Identify the factor:
a) ${r}^{2}+7r+10$
b) ${x}^{2}+4x+3$
c) ${y}^{2}+6y+8$

Rita Miller

Step 1
a) We can get a quadratic by multiplying two first-degree polynomials.
Method:
$\left(x+4\right)\left(x-2\right)=x\left(x-2\right)+4\left(x-2\right)$
$={x}^{2}-2x+4x-8$
$={x}^{2}+2x-8$
Step 2
Given:
${r}^{2}+7r+10$
We have to find integers b and d such that
${r}^{2}+7r+10=\left(r+b\right)\left(r+d\right)$
$={r}^{2}+dr+br+bd$
${r}^{2}+7r+10={r}^{2}+\left(b+d\right)r+bd$
Since the constant coefficients on each side of the equation ought to be equal, we must have $bd=10$ (i.e) b and d are factors of 10.
Similarly, the coefficients of r must be the same, so that $b+d=7$
The following table shows the possibilities.
$\begin{array}{|cc|}\hline \text{Factors b, d of 10}& \text{Sum}b+d=7\\ 5×2& 5+2=7\\ \hline\end{array}$
There is no need to list negative factors, such as $\left(-5\right)\left(-2\right)$, since their sum is negative.

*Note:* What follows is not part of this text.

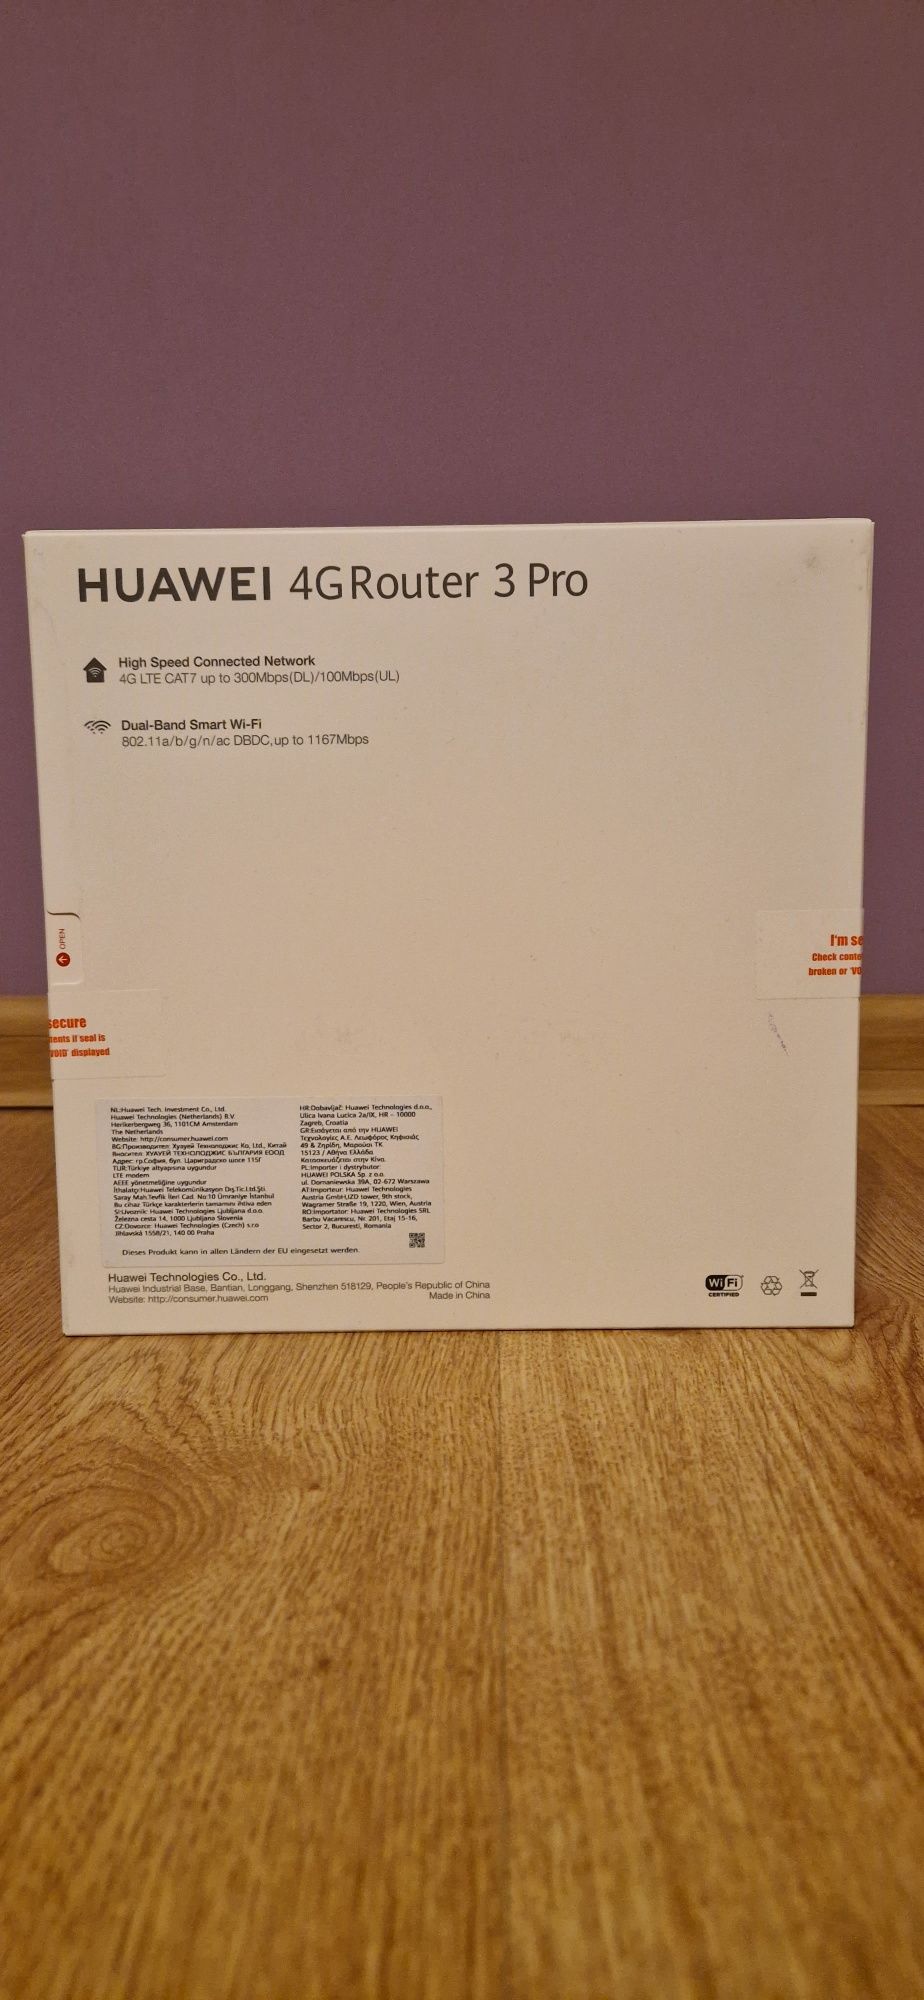 Huawei 4G router 3 pro model B535-232

So the factors are 5 and 2.
To check:
$\left(r+5\right)\left(r+2\right)=r\left(r+2\right)+5\left(r+2\right)$
${r}^{2}+2r+5r+10$
$={r}^{2}+7r+10$

amarantha41

Step 1
Given factor:
${x}^{2}+4x+3$
${x}^{2}+4x+3=\left(x+b\right)\left(x+d\right)$
$={x}^{2}+dx+bx+bd$
${x}^{2}+4x+3={x}^{2}+\left(b+d\right)x+bd$
Following table
$\begin{array}{|cc|}\hline \text{Factors b, d of 3}& \text{Sum}b+d=4\\ 3×1& 3+1=4\\ \hline\end{array}$
To check:
$\left(x+3\right)\left(x+1\right)=x\left(x+1\right)+3\left(x+1\right)$
$={x}^{2}+x+3x+3$
$={x}^{2}+4x+3$

user_27qwe

$\begin{array}{}\\ \text{Step 1}\\ \text{Given:}{y}^{2}+6y+8\\ \text{Find integers b and d such that}\\ {y}^{2}+6y+8=\left(y+b\right)\left(y+d\right)\\ ={y}^{2}+dy+by+bd\\ {y}^{2}+6y+8={y}^{2}+\left(B+d\right)y+bd\\ \text{Step 2}\\ \text{Table:}\\ \begin{array}{|cc|}\hline \text{Factors b, d of 8}& \text{Sum}b+d=6\\ 4×2& 4+2=6\\ 1×8& 1+8=9\\ \hline\end{array}\\ \text{Step 3}\\ \text{To check:}\\ \left(y+4\right)\left(y+2\right)=y\left(y+2\right)+4\left(y+2\right)\\ ={y}^{2}+2y+4y+8\\ ={y}^{2}+6y+8\end{array}$